Blue Moon Review: Ethan Hawke Shines in Director Richard Linklater's Bitter Showbiz Split Story

Parting ways from the more famous partner in a showbiz double act is a dangerous endeavor. Comedian Larry David experienced it. Likewise Andrew Ridgeley. Presently, this humorous and profoundly melancholic small-scale drama from scriptwriter Robert Kaplow and director Richard Linklater tells the nearly intolerable story of musical theater lyricist the lyricist Lorenz Hart shortly following his split from Richard Rodgers. The character is acted with theatrical excellence, an unspeakable combover and fake smallness by actor Ethan Hawke, who is often technologically minimized in height – but is also occasionally recorded placed in an off-camera hole to stare up wistfully at heightened personas, confronting Hart’s vertical challenge as José Ferrer previously portrayed the petite Toulouse-Lautrec.

Complex Character and Themes

Hawke earns big, world-weary laughs with Hart's humorous takes on the concealed homosexuality of the classic Casablanca and the cheesily upbeat theater production he recently attended, with all the rope-spinning ranch hands; he acidly calls it Okla-homo. The sexual identity of Lorenz Hart is complicated: this film effectively triangulates his gayness with the non-queer character invented for him in the 1948 musical the production Words and Music (with actor Mickey Rooney portraying Hart); it cleverly extrapolates a kind of bisexual tendency from the lyricist's writings to his protege: college student at Yale and would-be stage designer Weiland, played here with heedless girlishness by Margaret Qualley.

As part of the renowned Broadway songwriting team with musician Richard Rodgers, Hart was in charge of incomparable songs like The Lady Is a Tramp, the tune Manhattan, the standard My Funny Valentine and of course the song Blue Moon. But annoyed at Hart's drinking problem, unreliability and melancholic episodes, Rodgers severed ties with him and teamed up with the writer Oscar Hammerstein II to compose Oklahoma! and then a series of theater and film hits.

Psychological Complexity

The film envisions the deeply depressed Lorenz Hart in Oklahoma!’s first-night Manhattan spectators in 1943, looking on with jealous anguish as the production unfolds, hating its insipid emotionality, abhorring the exclamation mark at the finish of the heading, but heartsinkingly aware of how lethally effective it is. He realizes a hit when he sees one – and perceives himself sinking into defeat.

Prior to the break, Lorenz Hart unhappily departs and goes to the pub at Sardi’s where the remainder of the movie occurs, and expects the (unavoidably) successful Oklahoma! cast to appear for their post-show celebration. He knows it is his showbiz duty to praise Richard Rodgers, to feign all is well. With polished control, the performer Andrew Scott plays Richard Rodgers, clearly embarrassed at what each understands is Hart's embarrassment; he gives a pacifier to his pride in the guise of a brief assignment composing fresh songs for their ongoing performance A Connecticut Yankee, which simply intensifies the pain.
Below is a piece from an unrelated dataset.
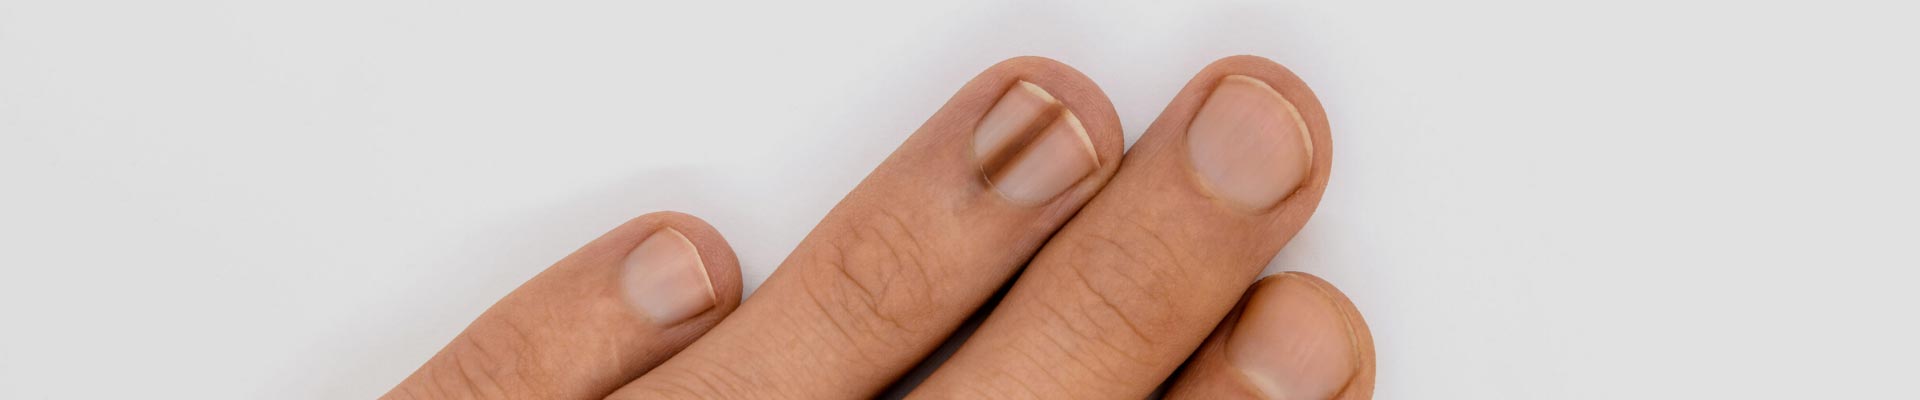 I'm 15 and South-East Asian Female, I have this brown line on my thumb. Is  this possibly a melanonychia or melanoma? - Quora

  • The performer Bobby Cannavale portrays the barman who in traditional style attends empathetically to Hart’s arias of vinegary despair
  • The thespian Patrick Kennedy plays writer EB White, to whom Lorenz Hart inadvertently provides the idea for his children’s book the book Stuart Little
  • Margaret Qualley portrays Weiland, the unattainably beautiful Yale student with whom the film imagines Hart to be complexly and self-destructively in love

Hart has already been jilted by Richard Rodgers. Surely the world wouldn't be that brutal as to cause him to be spurned by Elizabeth Weiland as well? But Qualley mercilessly depicts a youthful female who wants Hart to be the laughing, platonic friend to whom she can reveal her experiences with guys – as well of course the showbiz connection who can further her career.

Performance Highlights

Hawke shows that Hart partly takes observational satisfaction in listening to these young men but he is also genuinely, tragically besotted with Weiland and the film informs us of an aspect seldom addressed in movies about the world of musical theatre or the movies: the awful convergence between professional and romantic failure. However at one stage, Lorenz Hart is boldly cognizant that what he has accomplished will endure. It's a magnificent acting job from Ethan Hawke. This may turn into a theater production – but who will write the numbers?

The movie Blue Moon screened at the London cinema festival; it is released on 17 October in the US, November 14 in the United Kingdom and on 29 January in the land down under.

Andrew Castillo
Andrew Castillo

A cybersecurity expert with over 15 years of experience in IT risk management and digital transformation strategies for global enterprises.